本レポートは、卸・仕入れサイト「スーパーデリバリー」の年間注文データ(2024年8月1日~2025年7月31日)を基に、注文数トップ10の国・地域の仕入れ動向を徹底分析しました。アジアの「Kawaii」文化から欧米のライフスタイルに溶け込むニッチな需要まで、データが示す海外市場・越境ECのリアルな姿と、そこに眠るビジネスチャンスを解説します。

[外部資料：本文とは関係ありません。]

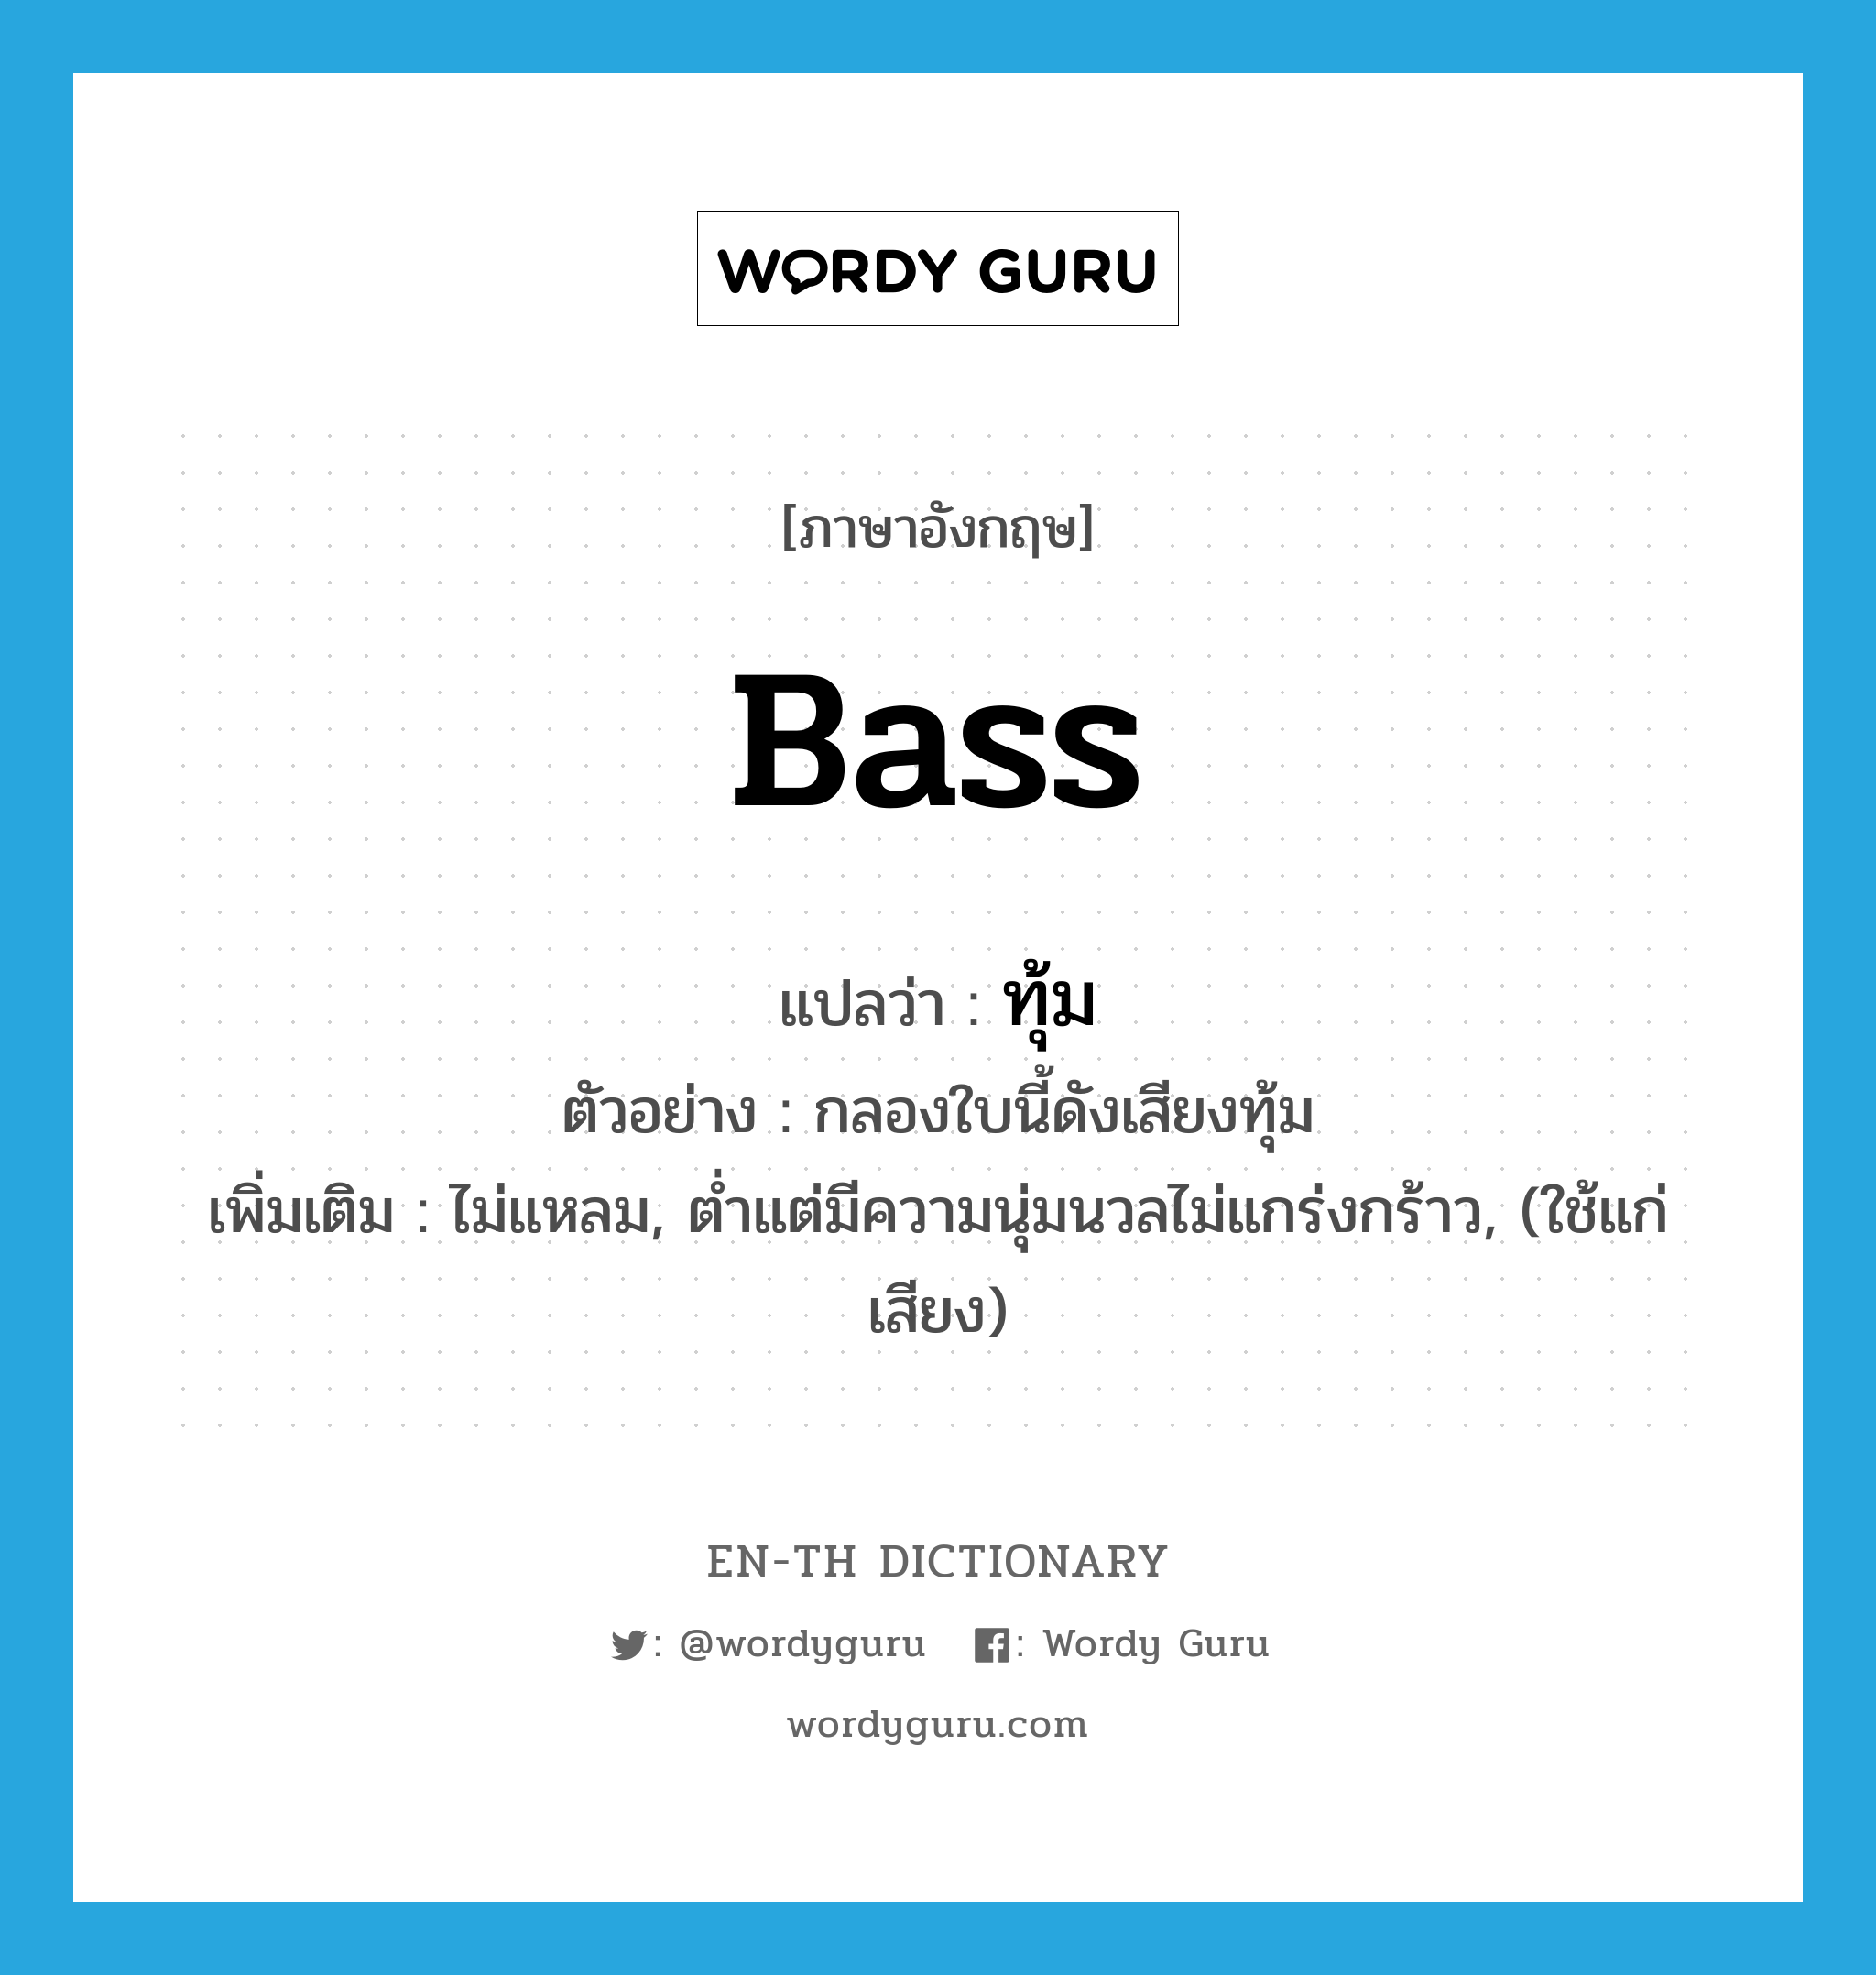 bass แปลว่า?, คำศัพท์ภาษาอังกฤษ bass แปลว่า ทุ้ม ประเภท ADJ ตัวอย่าง กลองใบนี้ดังเสียงทุ้ม เพิ่มเติม ไม่แหลม, ต่ำแต่มีความนุ่มนวลไม่แกร่งกร้าว, (ใช้แก่เสียง) หมวด ADJ

日本における各地域の仕入れトレンドは下記をご参考ください。
スーパーデリバリー2024-2025年ジャンル別仕入れ動向~各ジャンルを都道府県ごとにランキング~
目次
全体を通して見えた3つの仕入れ潮流
各国の注文データを分析すると、日本の製品への需要は大きく3つの潮流に集約できます。
- ポップカルチャーと趣味の世界
最も強力なトレンドは、日本のポップカルチャーと趣味の領域です。ステッカーやマスキングテープ、キャラクターぬいぐるみといった商品が全地域でランキング上位を独占しており、日本のキャラクターが持つ世界的な集客力を示しています。また、手帳などを自分らしく飾る「デコレーション文化」への強い需要が、アジアから欧米まで巨大な市場を形成しています。 - 日々の暮らしを豊かにする実用雑貨
趣味の世界と並行して、実用的な商品への需要も極めて高いです。ポーチ、Tシャツ、トートバッグ、マグカップなどが多く仕入れられています。これはバイヤーが、デザイン性だけでなく、品質や機能性、そして暮らしを少し豊かにする「気の利いた」価値を日本製品に求めていることの表れです。 - 日本の伝統美と文化体験
日本の伝統文化に根差した製品への関心も、特に欧米市場で顕著な潮流です。フランスでは湯のみや箸、カナダではてぬぐいや着物が人気を集めています。これは単なる物珍しさを超え、日本の「暮らしの美学(Art de Vivre)」や、その背景にある日本文化への深いリスペクトを反映しています。
アジア市場の仕入れトレンドと成長カテゴリ

アジア市場(台湾、香港、韓国、中国、タイ)は、スーパーデリバリーにおいて最も注文点数が多いのが特徴です。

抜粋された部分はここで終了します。